Ultrathin ZnIn2S4 Nanosheets Anchored on Ti3C2TX MXene for Photocatalytic H2 Evolution

Photocatalysts derived from semiconductor heterojunctions that harvest solar energy and catalyze reactions still suffer from low solar‐to‐hydrogen conversion efficiency. Now, MXene (Ti3C2TX) nanosheets (MNs) are used to support the in situ growth of ultrathin ZnIn2S4 nanosheets (UZNs), producing sandwich‐like hierarchical heterostructures (UZNs‐MNs‐UZNs) for efficient photocatalytic H2 evolution. Opportune lateral epitaxy of UZNs on the surface of MNs improves specific surface area, pore diameter, and hydrophilicity of the resulting materials, all of which could be beneficial to the photocatalytic activity. Owing to the Schottky junction and ultrathin 2D structures of UZNs and MNs, the heterostructures could effectively suppress photoexcited electron–hole recombination and boost photoexcited charge transfer and separation. The heterostructure photocatalyst exhibits improved photocatalytic H2 evolution performance (6.6 times higher than pristine ZnIn2S4) and excellent stability.

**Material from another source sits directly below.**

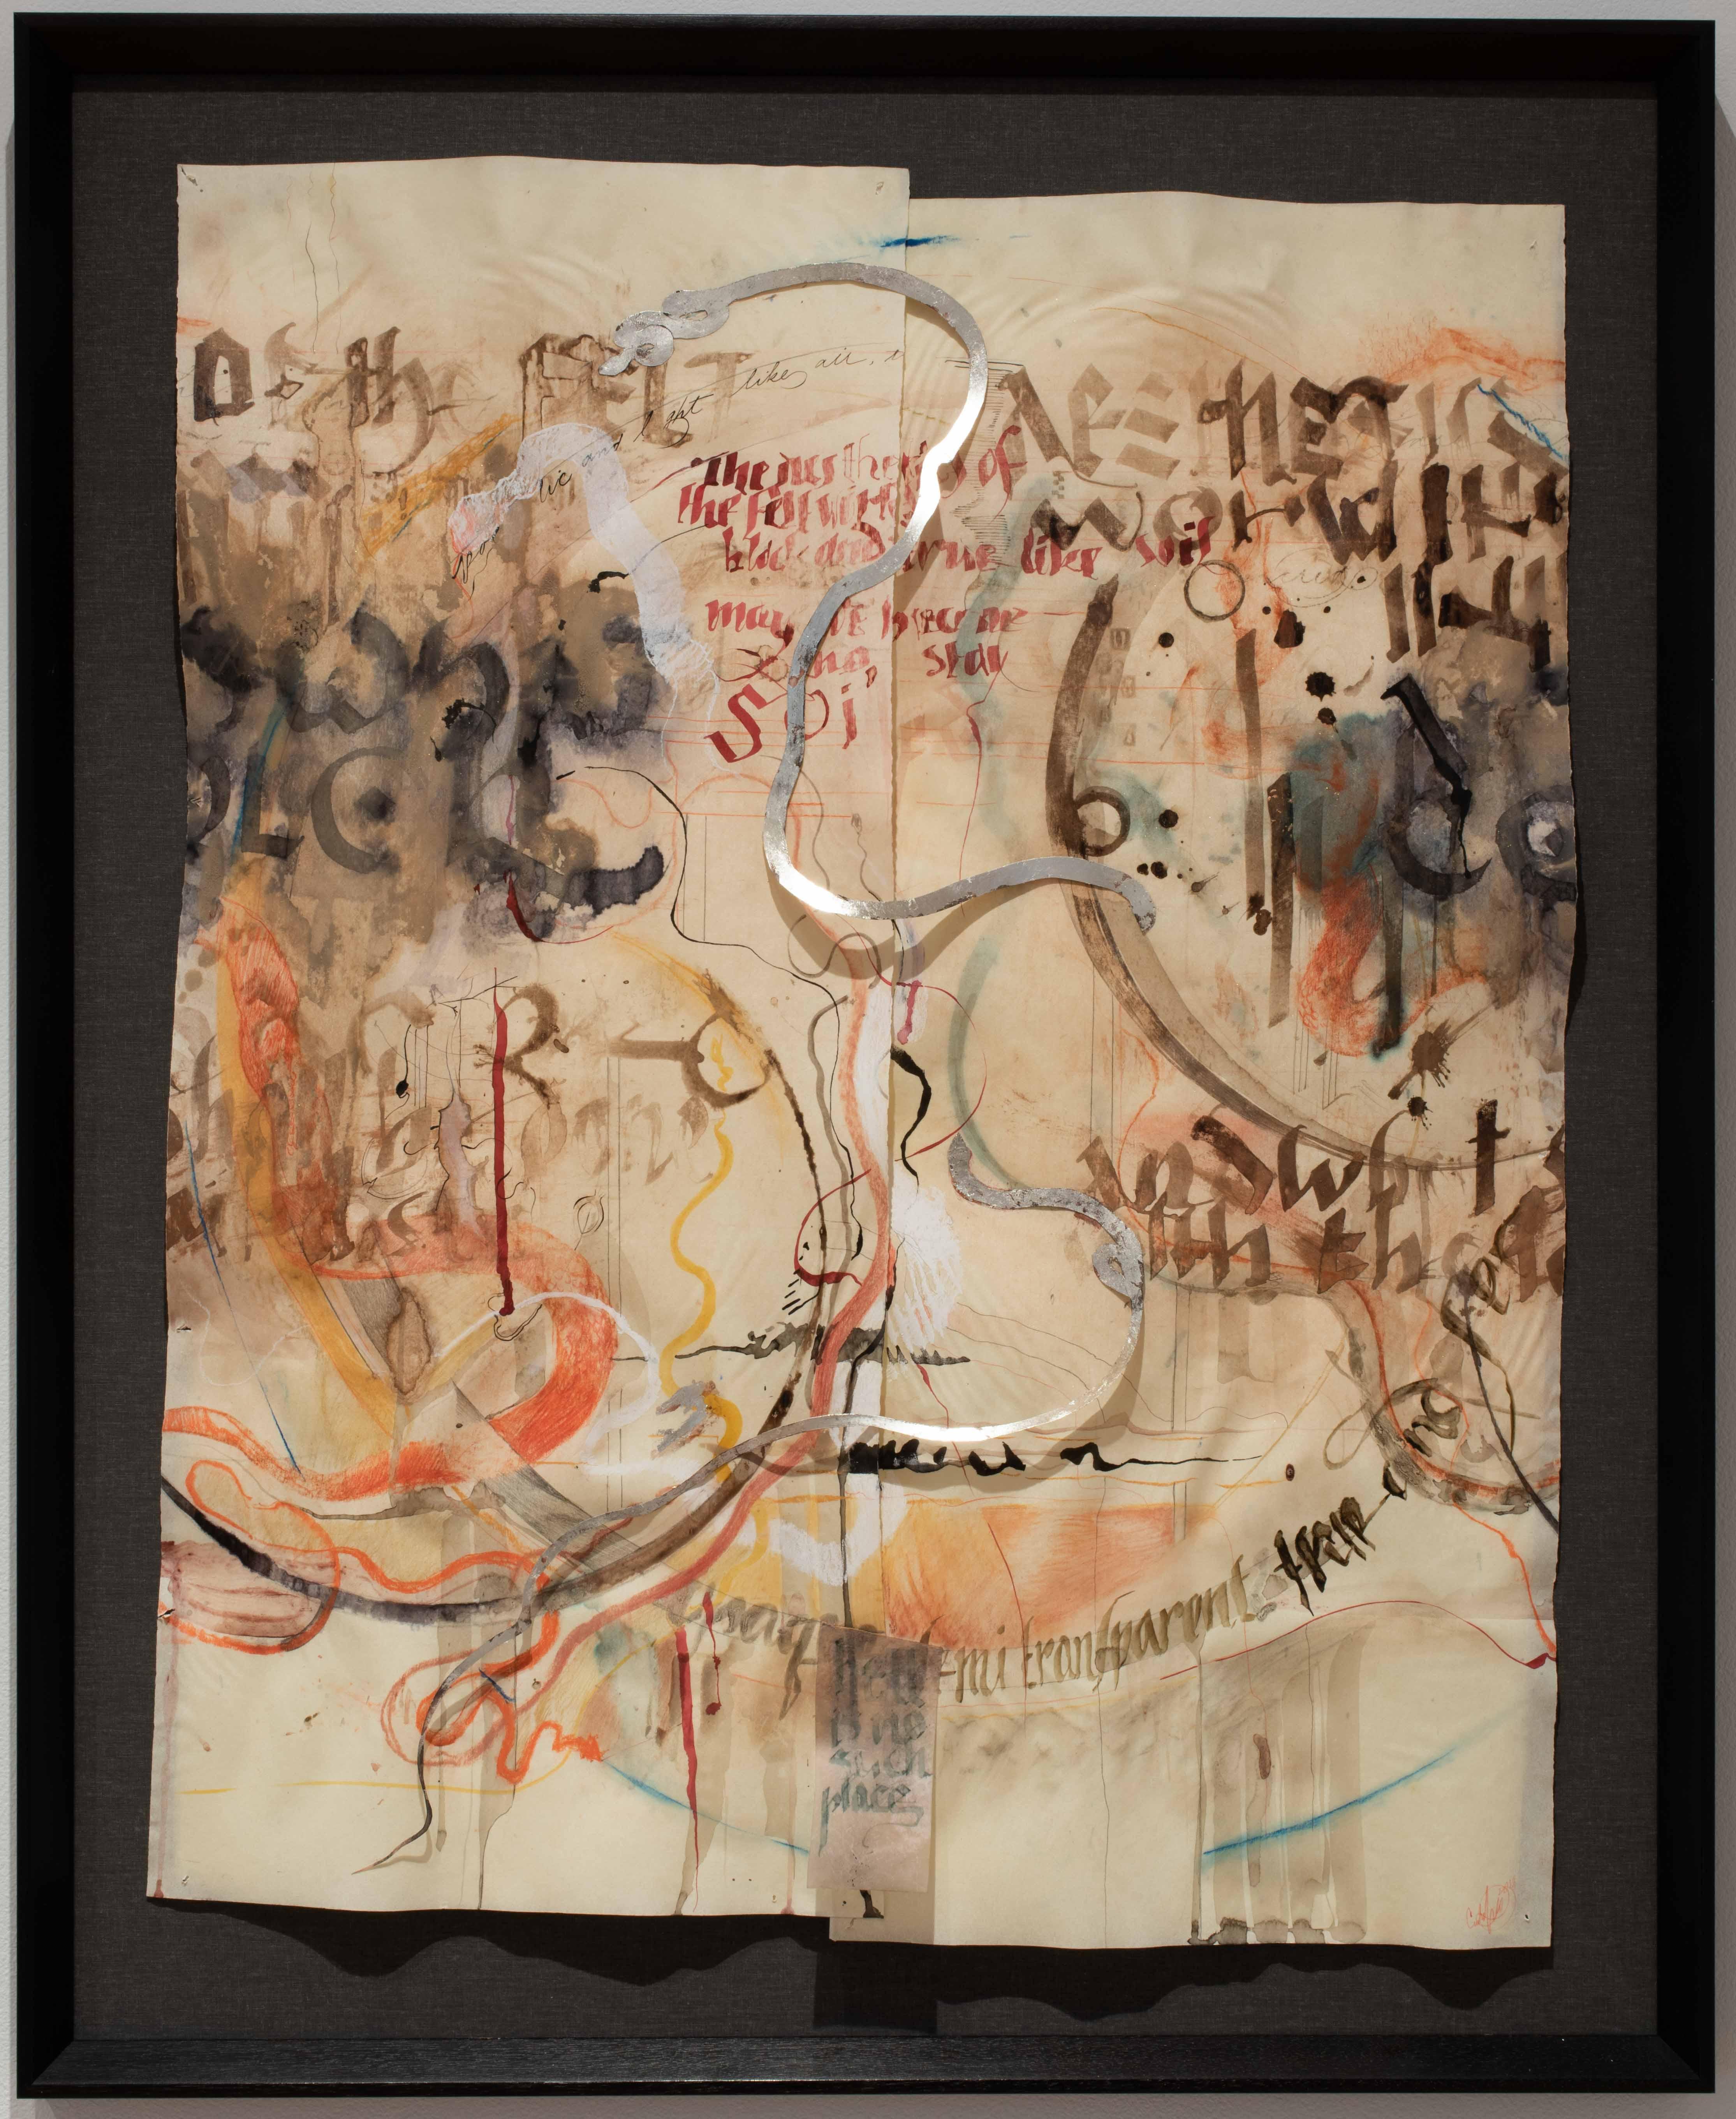 Aesthetics of the Felt World (scroll

MXene nanosheets are used to support the in situ growth of ultrathin ZnIn2S4. The obtained sandwich‐like hierarchical heterostructure could effectively suppress photoexcited electron–hole recombination and boost photoexcited charge transfer and separation, exhibiting efficient photocatalytic H2 evolution performance and excellent stability.